In stating the objectives of Income Management, the Act highlights that the scheme is intended to bring about a range of changes in individual and community behaviour. As the department responsible for both policy advice and overall performance reporting, FaHCSIA has a key role in measuring the success or otherwise of Income Management in meeting its objectives. Currently, very limited information on Income Management is publicly reported, and the reporting focuses on basic metrics such as the number of people on the scheme and the amount of spending via one of three payment methods (BasicsCard). Accordingly, there is scope for FaHCSIA to improve the existing reporting arrangements by developing and reporting on a range of key performance indicators that provide insights on the effectiveness of Income Management in meeting its legislative objectives.

Similarly, while DHS collects an extensive amount of administrative data on Income Management, the nature of internal reporting is largely focused on specific metrics, such as customer numbers, and is not complemented by analysis of trends, key drivers, or the quality of service provision. Therefore, there is also scope for DHS to strengthen its internal monitoring and reporting arrangements by developing performance indicators that better measure the efficiency and effectiveness of Income Management service delivery.

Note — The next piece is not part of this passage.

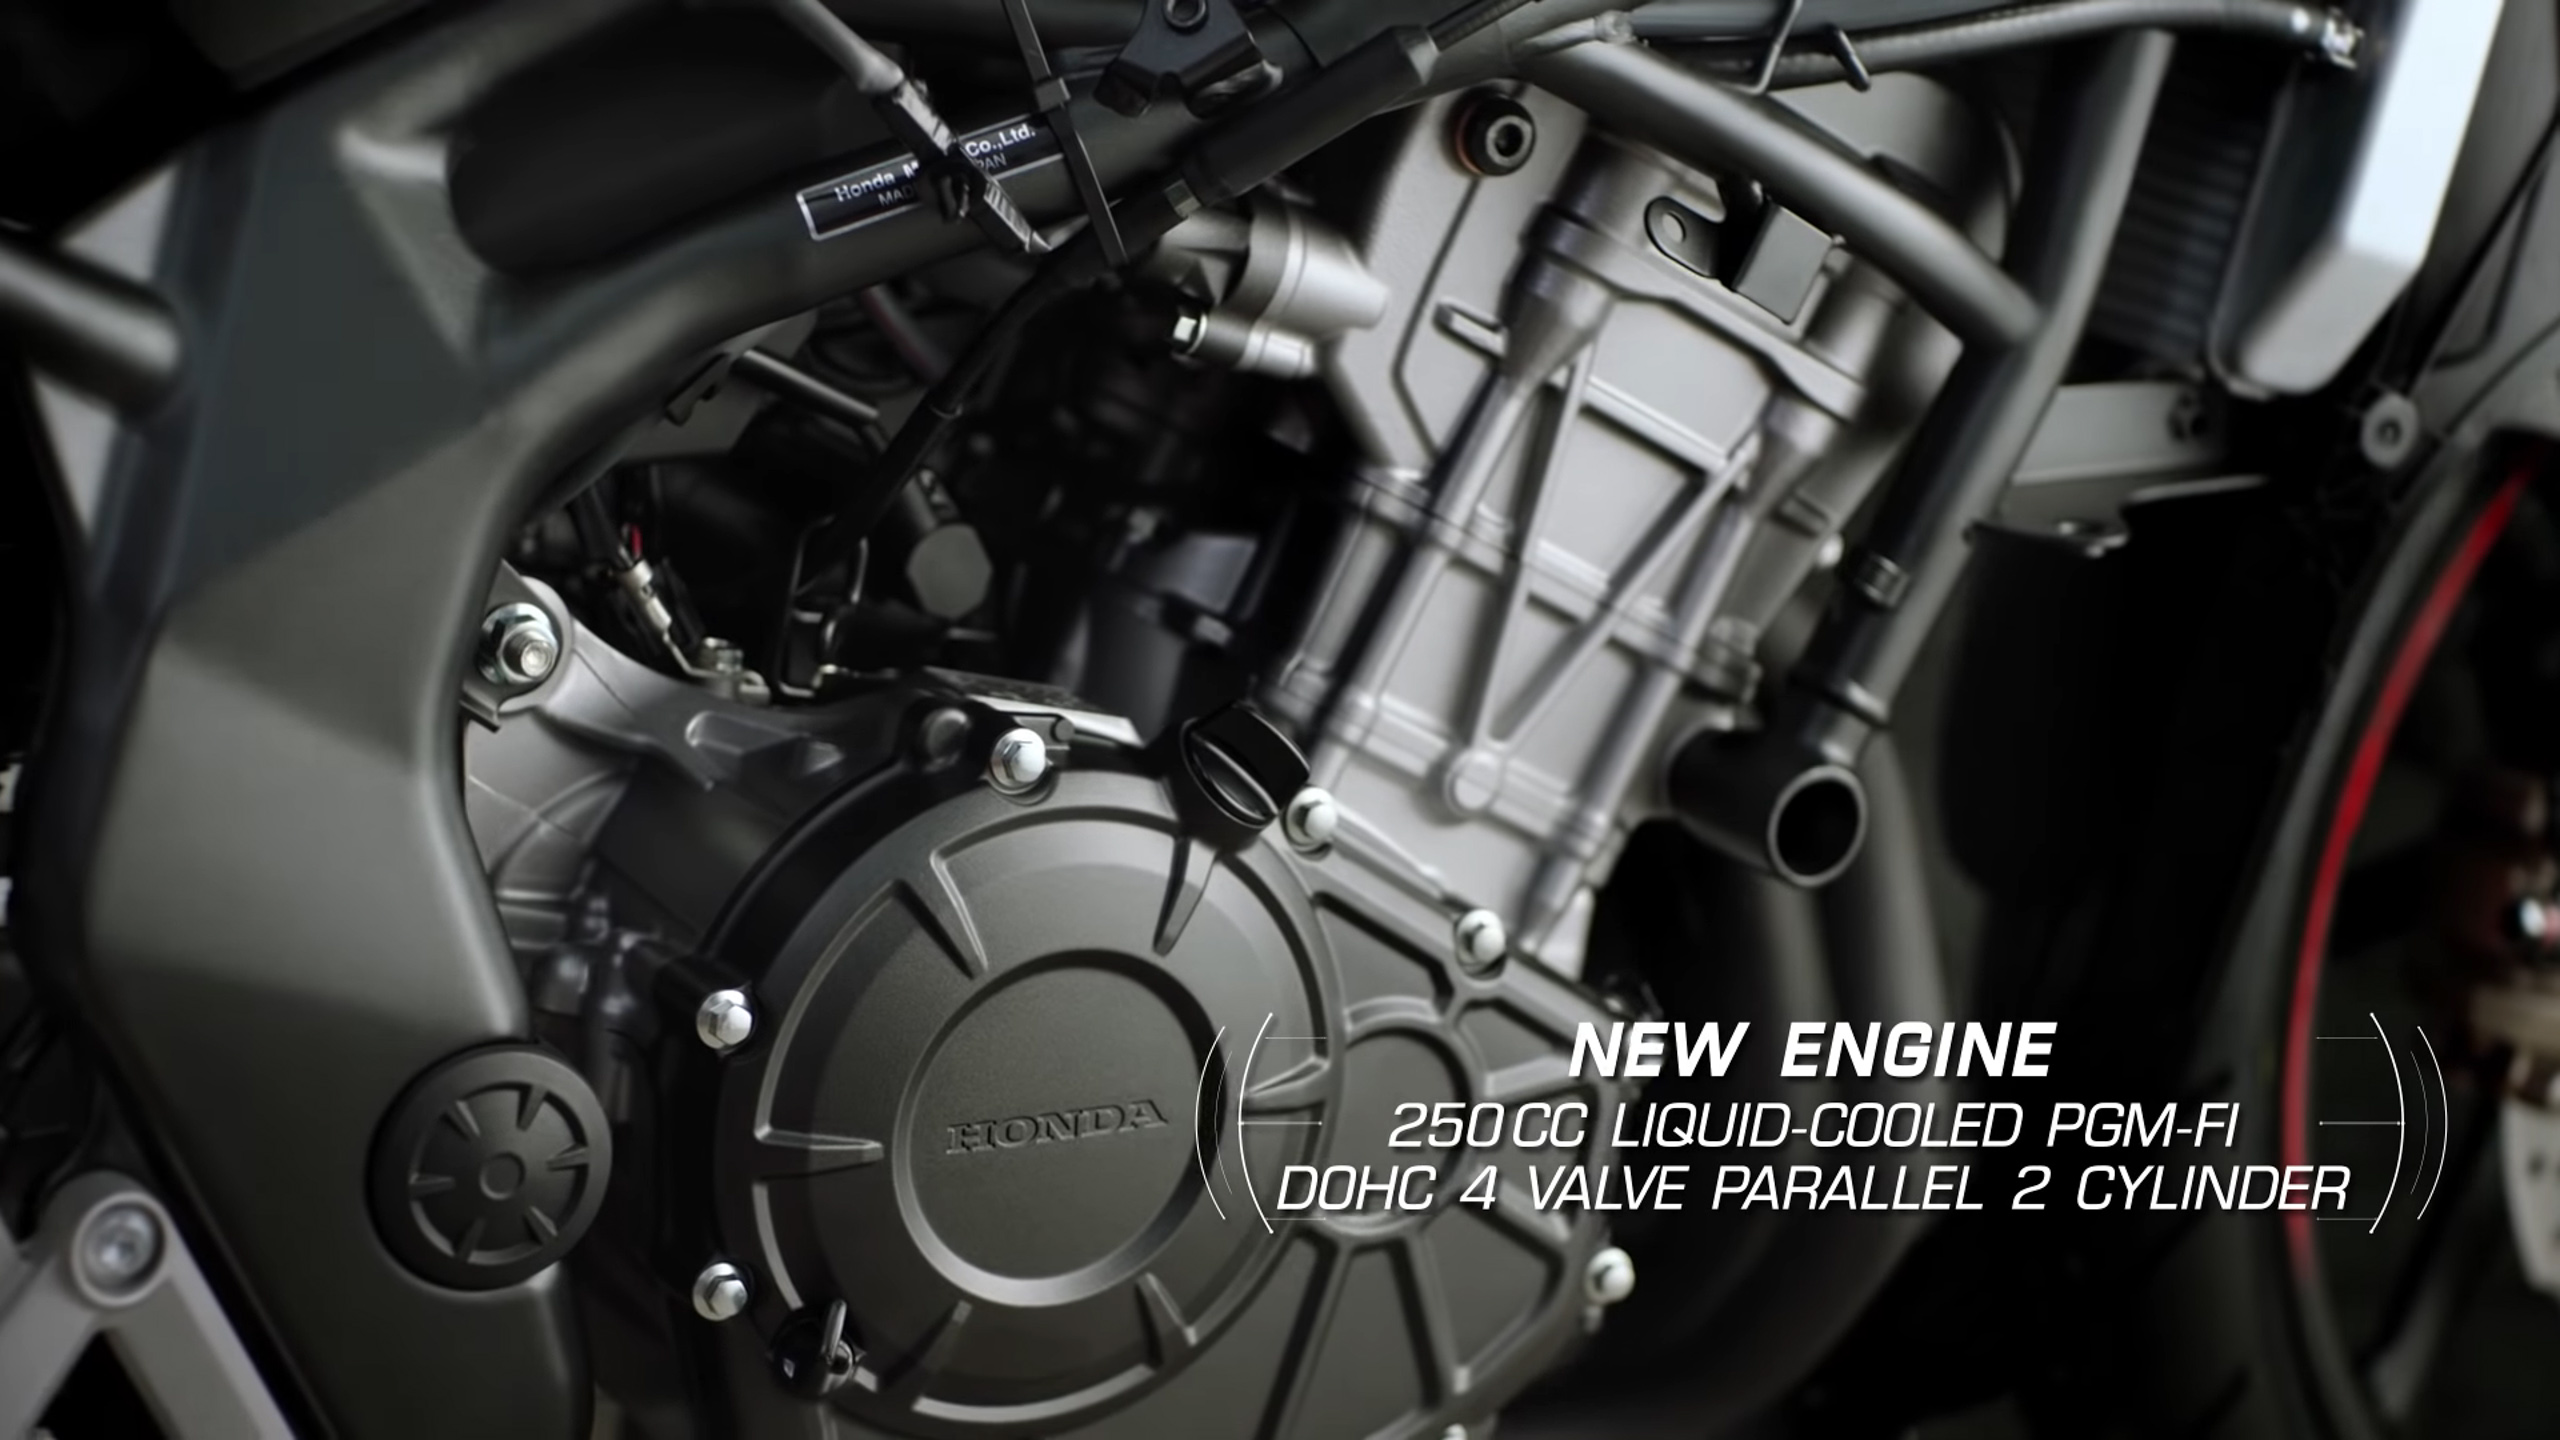 Honda CBR250RR bản năm 2020 sẽ có khoá thông minh và chuyển số nhanh

The Government has commissioned a consortium of experts to conduct a strategic longitudinal evaluation of the implementation and effectiveness of New Income Management in the Northern Territory. The evaluation includes a baseline study which reflects the circumstances of individuals soon after the implementation of New Income Management, and a series of four annual reports. The findings of the evaluation, particularly the final report due in December 2014, can be expected to provide important insights on the impact of Income Management and will inform the Government’s consideration of the success of the policy approach and its future direction.

The ANAO has made two recommendations to improve the internal and external monitoring and reporting of Income Management. The recommendations are aimed at assisting the departments and stakeholders gain a better understanding of the service delivery performance and the success or otherwise of the scheme in meeting the stated policy objectives.